I'm still riding with aluminum bars. They are generally safe. And
don't think that steel is going to save the day.



That looks like a very cheap handlebar. I mean something serious for MTB
use. That's what I have on it now. It's heavy. Not having a dopbar took
getting used to, might cost me a few minutes on longer trips. Though I
never spent much time in the drops.

Amazingly three car drivers stopped immediately and almost got into an
argument about who gets to bring me home, despite the bleeding. A fellow
immigrant drove me home. Almost new car, quite fancy, he just turned the
floor mats around in case of blood. He had a nice bike in the back and
put mine on top. Couldn't believe it. There are a lot of good people in
this world.

What surprised me was how much muscle and power one can lose in two
months. My avg speed down in the flatlands dropped from 15-16mph to
almost 12mph. Creeping back up and now at 14mph but that took nearly a
month. I still feel like a slowpoke.


Joerg, I'm hijacking your thread for a moment.

I was on a ride today with my riding buddy of 19 years when I touched his rear wheel with my front and went down. Dopey and not something I've done in decades. I was changing bottles and kind of bobbling around, expecting him to go straight when he turned. It was low speed, so no "helmet saved my life" claim. Anyway, I twisted my back as I fell, and when I hit the ground -- every last O2 molecule was knocked out of my lungs. 30 years ago, I would have jumped up and pretended it didn't happen. Instead, I just stayed down, wondering if I would ever get up. As you grow old, dopey little crashes are so much more consequential. The last 30 miles of that ride were the hardest I've ridden in my life. My friend was on fire, and we were really cooking before the mishap -- 62 miles and about 4000 feet of climbing, mostly rollers with a few multi-mile climbs on the way home. Beautiful, hot day, but a struggle to get home.

-- Jay Beattie.
  #10  
Old August 5th 19, 05:00 AM posted to rec.bicycles.tech
Frank Krygowski[_4_]
external usenet poster
 
Posts: 7,592
Default Crashing and Aging

On 8/4/2019 8:37 PM, jbeattie wrote:
As you grow old, dopey little crashes are so much more consequential.


This is certainly true.

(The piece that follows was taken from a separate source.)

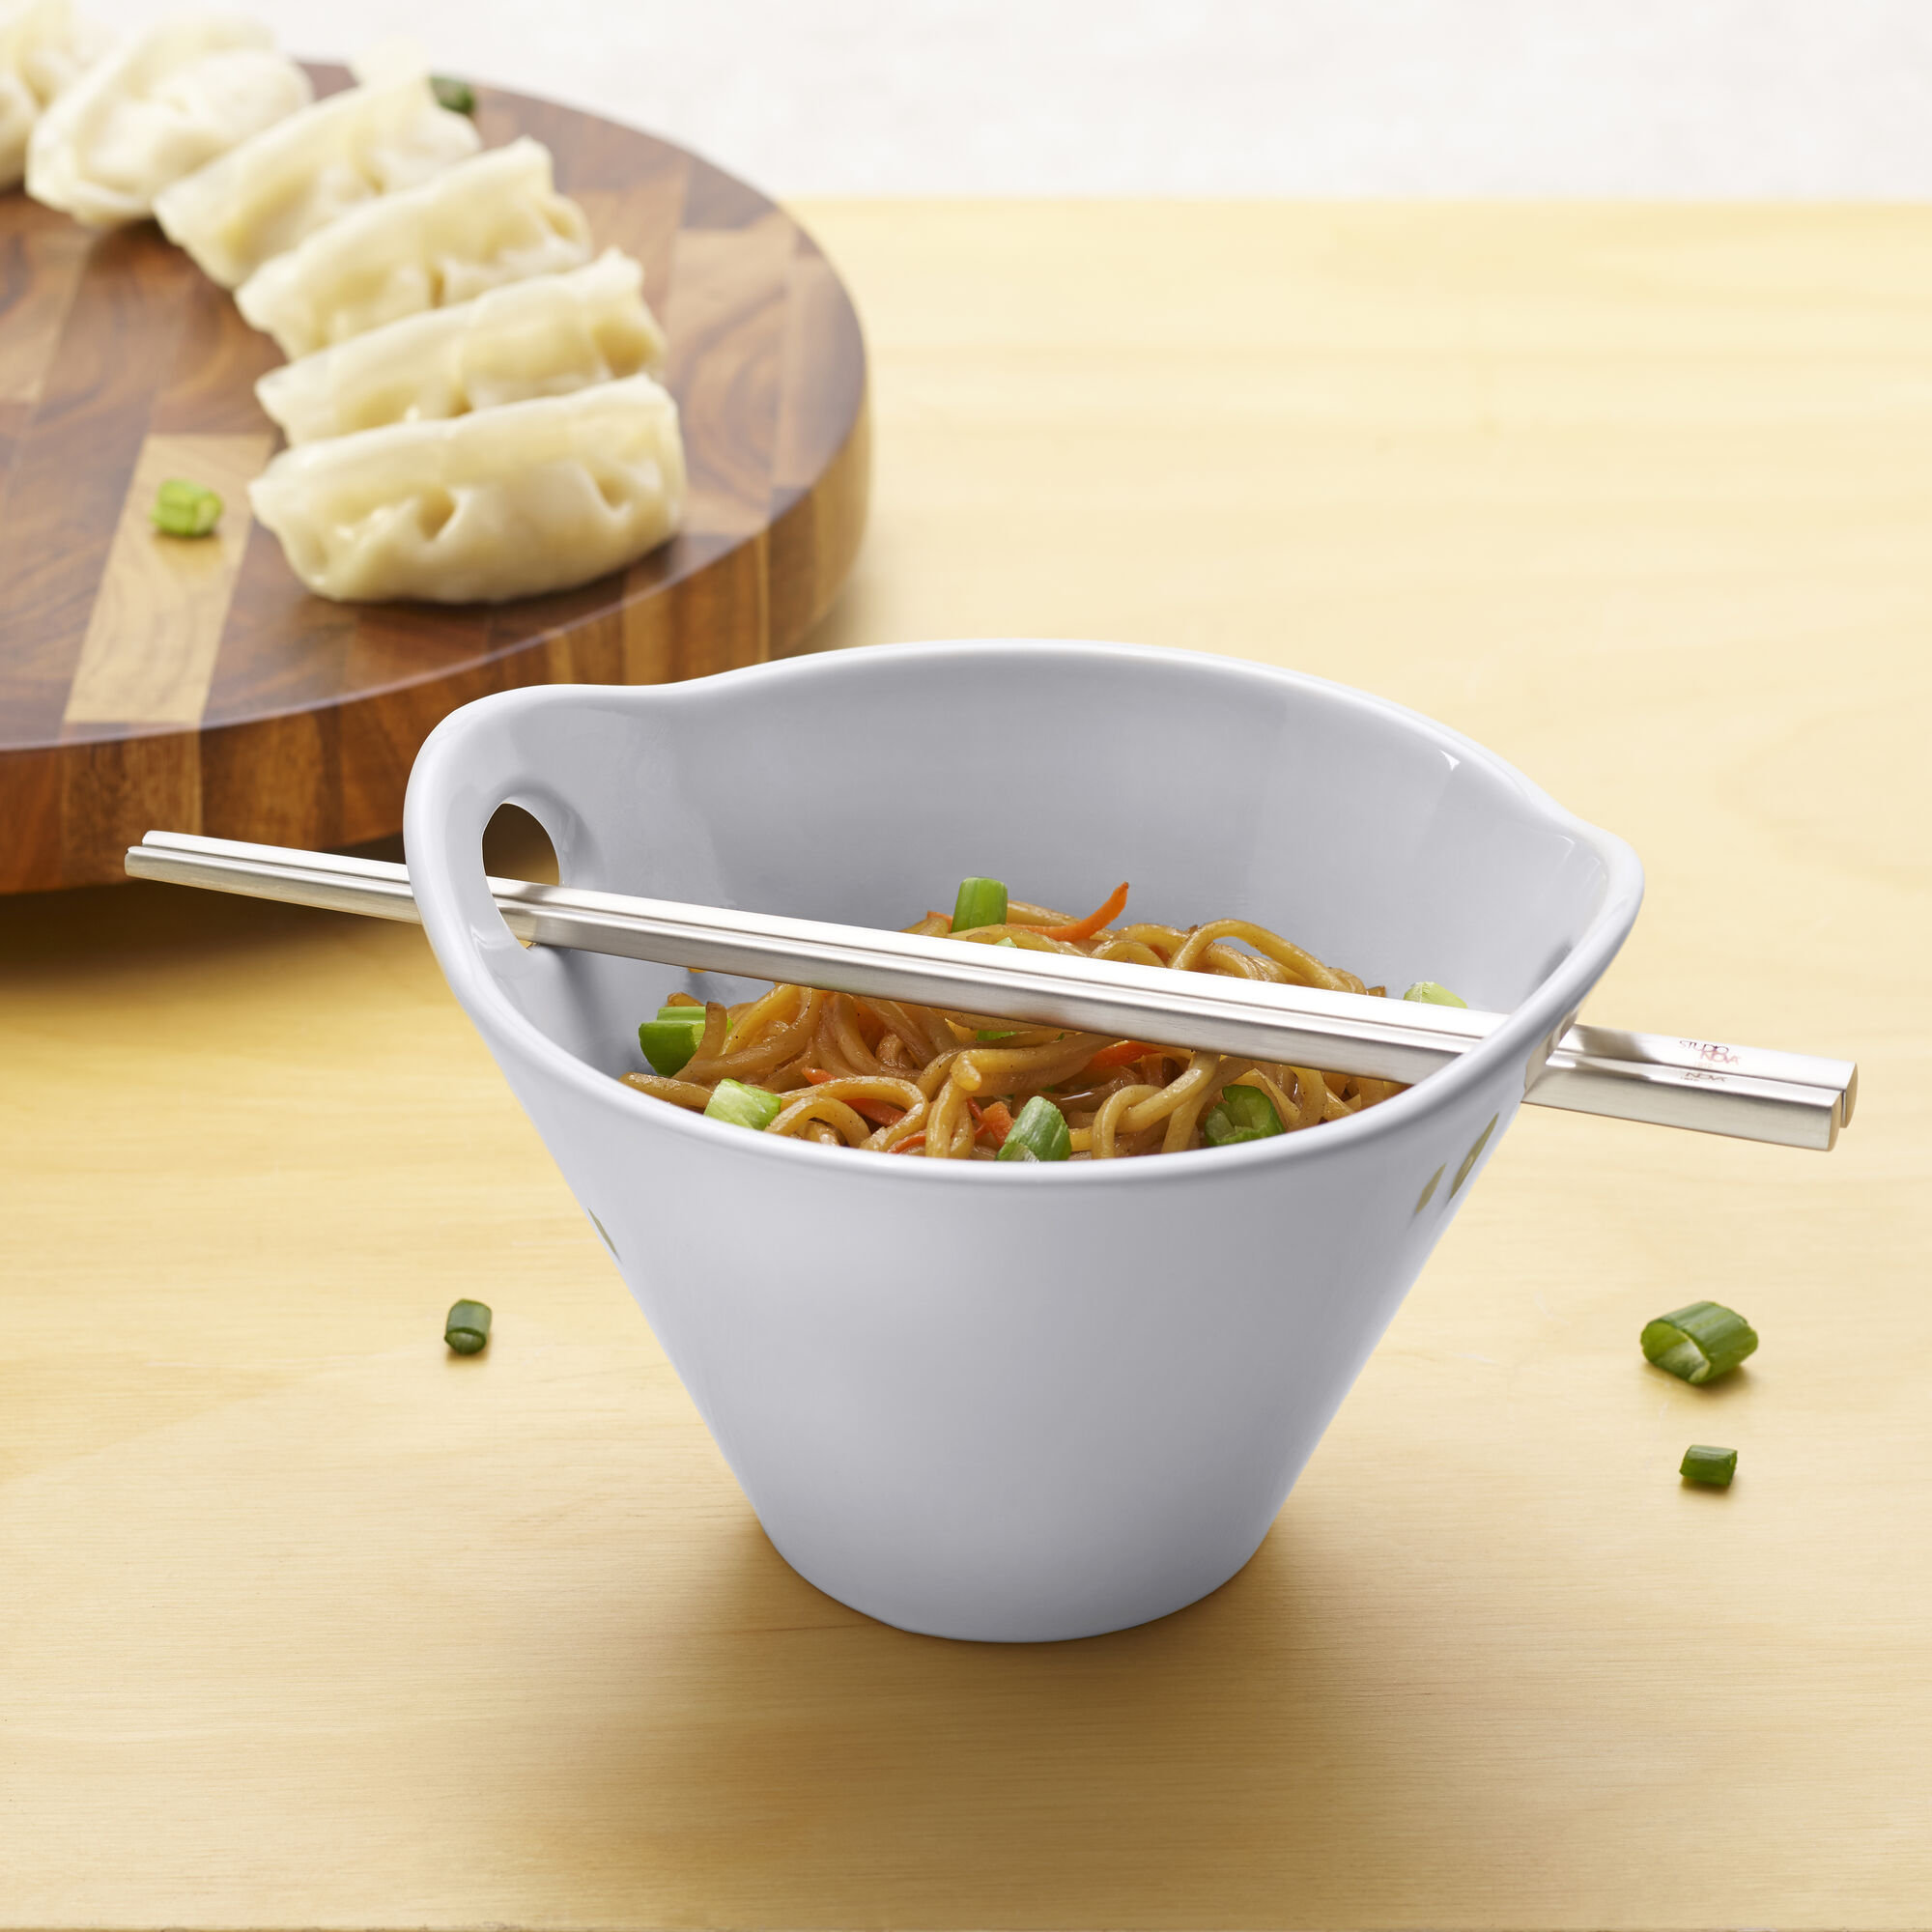 https://assets.wfcdn.com/im/52520674/compr-r85/2494/249467958/studio-nova-noodle-bowl-set-wchopsticks-service-for-2.jpg

And of course, spectacular crashes are even more
consequential.

Someone asked me today "What's the fastest you've ever gone on a
bicycle?" I answered "54 miles per hour. But I wouldn't do that today."

I think it's entirely reasonable to be aware of our changing
limitations, and to adjust our behavior to account for them. That can
very likely mean descending slower, cornering slower and more
cautiously, maintaining greater distance between riding partners,
watching further down the road for bad surfaces or potential traffic
conflicts, etc.

I've ridden avidly as an adult for over 45 years. In that time, I've had
two moving on-road falls, one at ~10 mph, one at ~3 mph. I don't intend
to have another, and I've given up the risky variety of mountain biking.